Dataset content START

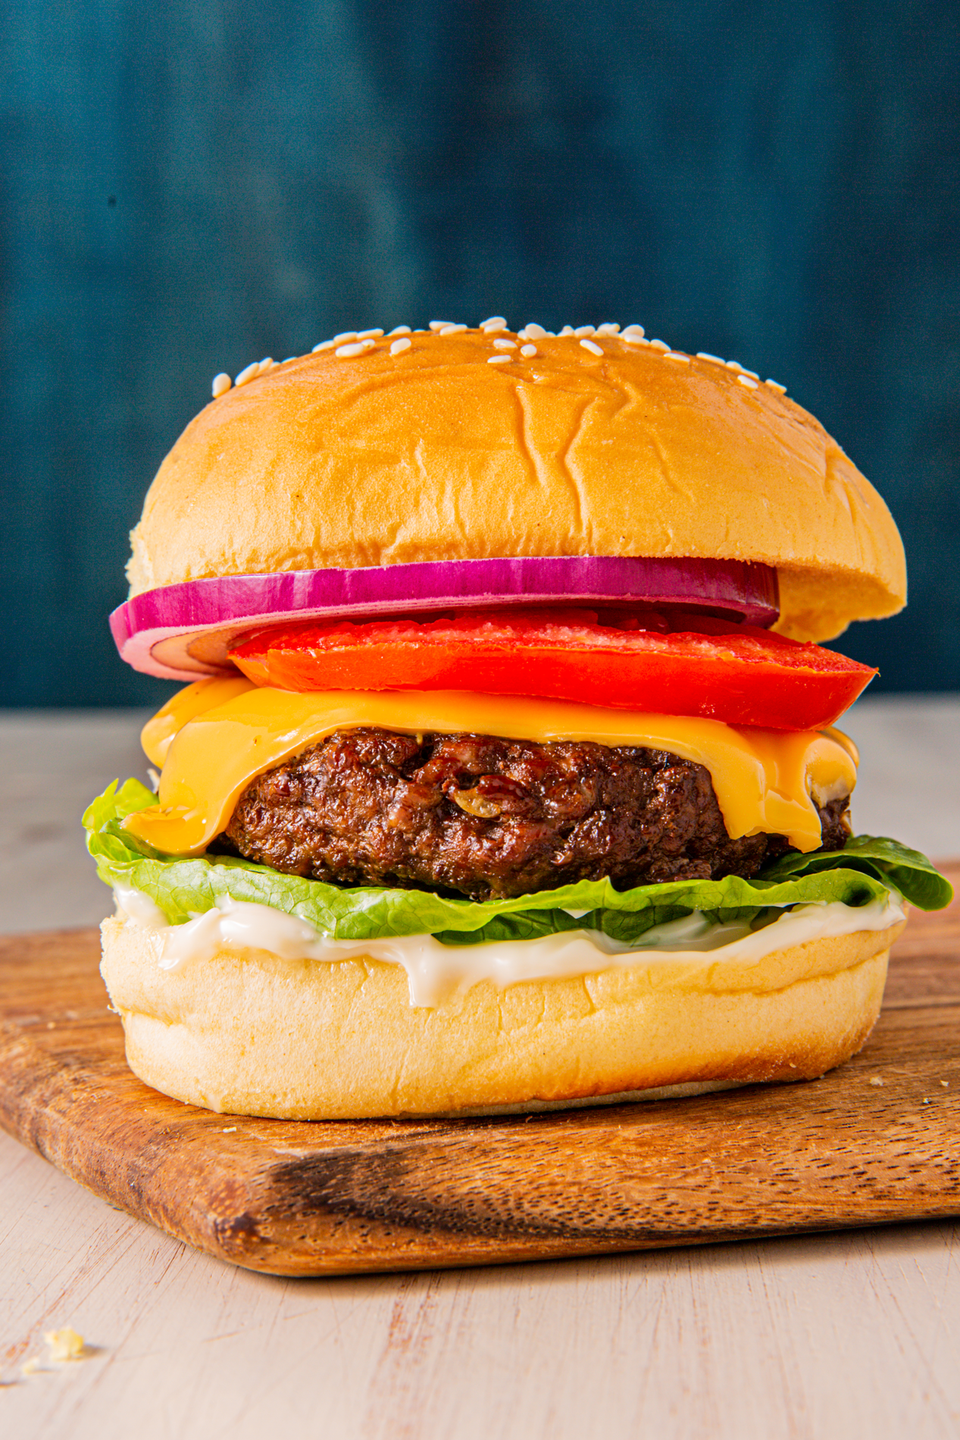 <p>One perfectlyjuicy air fryer cheeseburger and there's no going back. </p><p>Get the recipe from <a href="https://www.delish.com/cooking/recipe-ideas/a28509043/air-fryer-hamburgers-recipe/" rel="nofollow noopener" target="_blank" data-ylk="slk:Delish" class="link ">Delish</a>.</p>
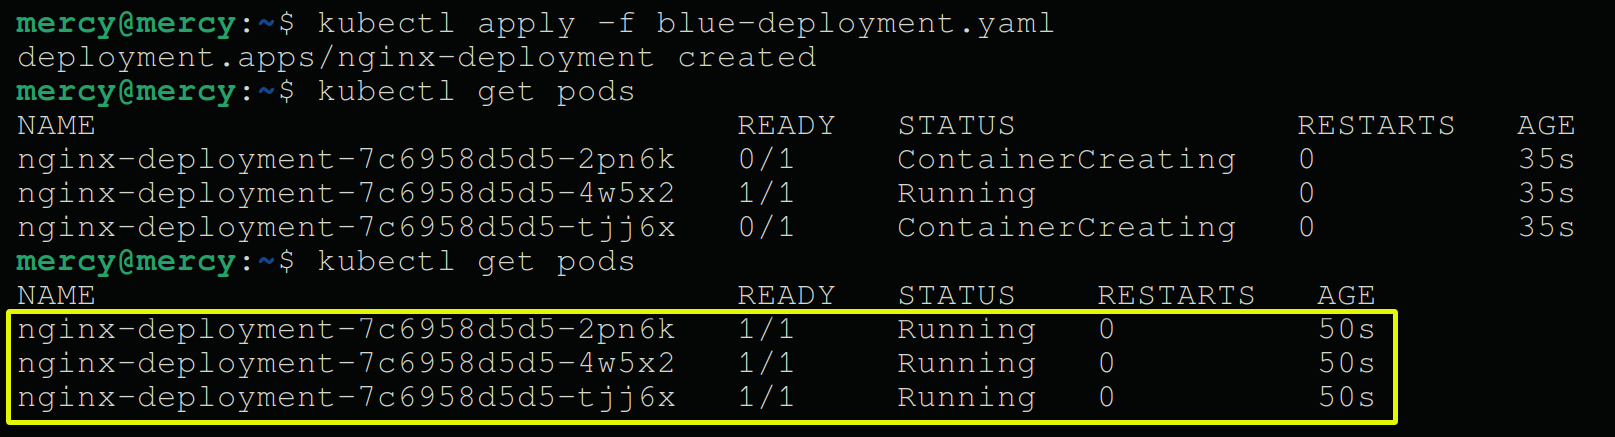 Creating deployment and verifying the status of pods in Kubernetes 
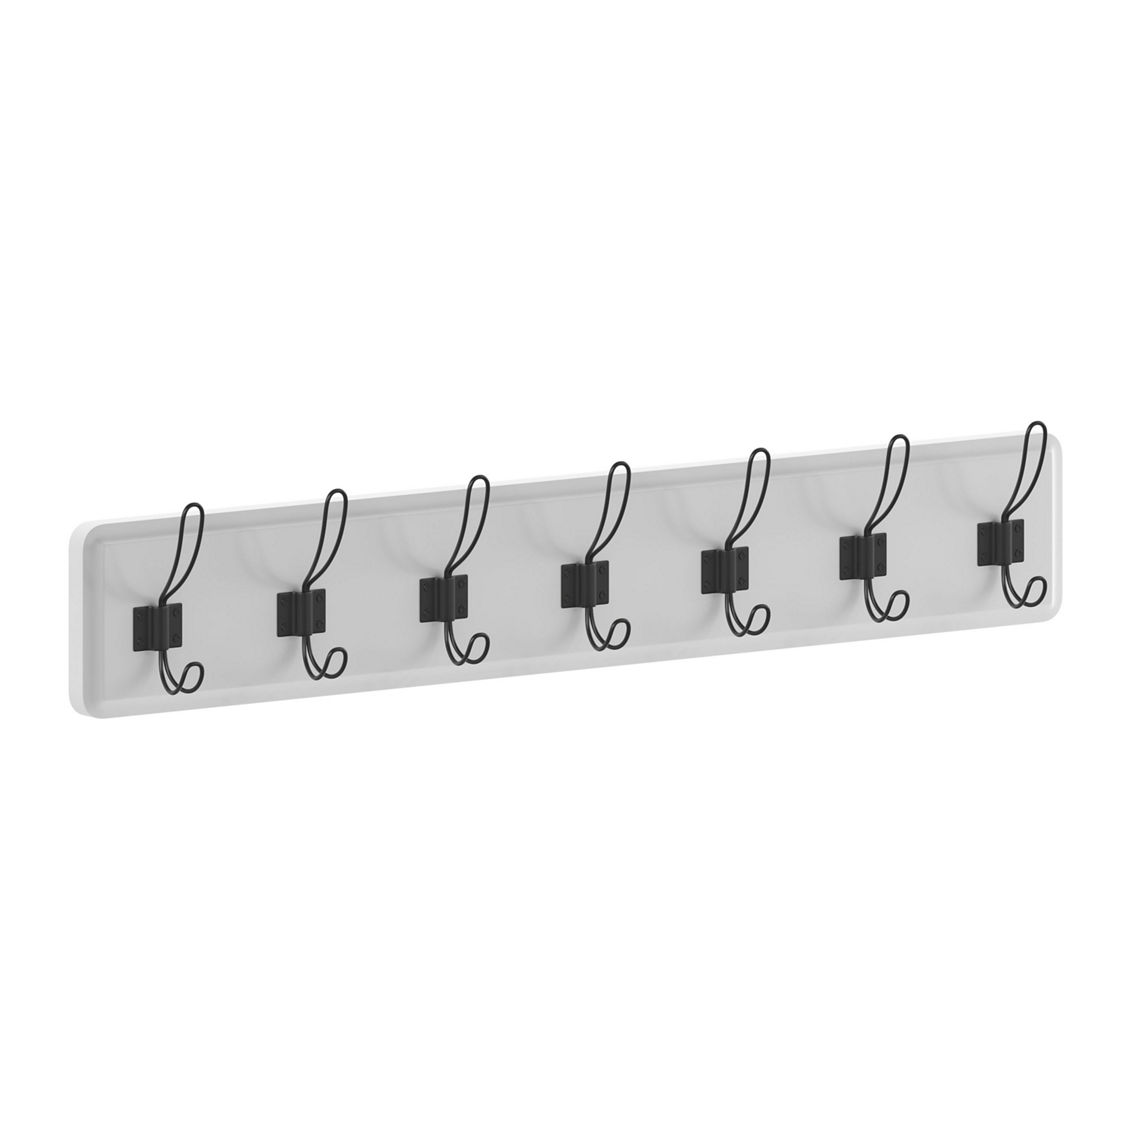 Flash Furniture Wall Mount Storage Rack with 7 Hooks - Image 4 of 5

Dataset content END

• **Exercise objective**:
Beginning with the line that holds "Creating deployment and", write out exactly the lines down to the end of the material above, and no others. Pictures are not part of the copy.

• **Answer for the task**:
 Creating deployment and verifying the status of pods in Kubernetes 
 Flash Furniture Wall Mount Storage Rack with 7 Hooks - Image 4 of 5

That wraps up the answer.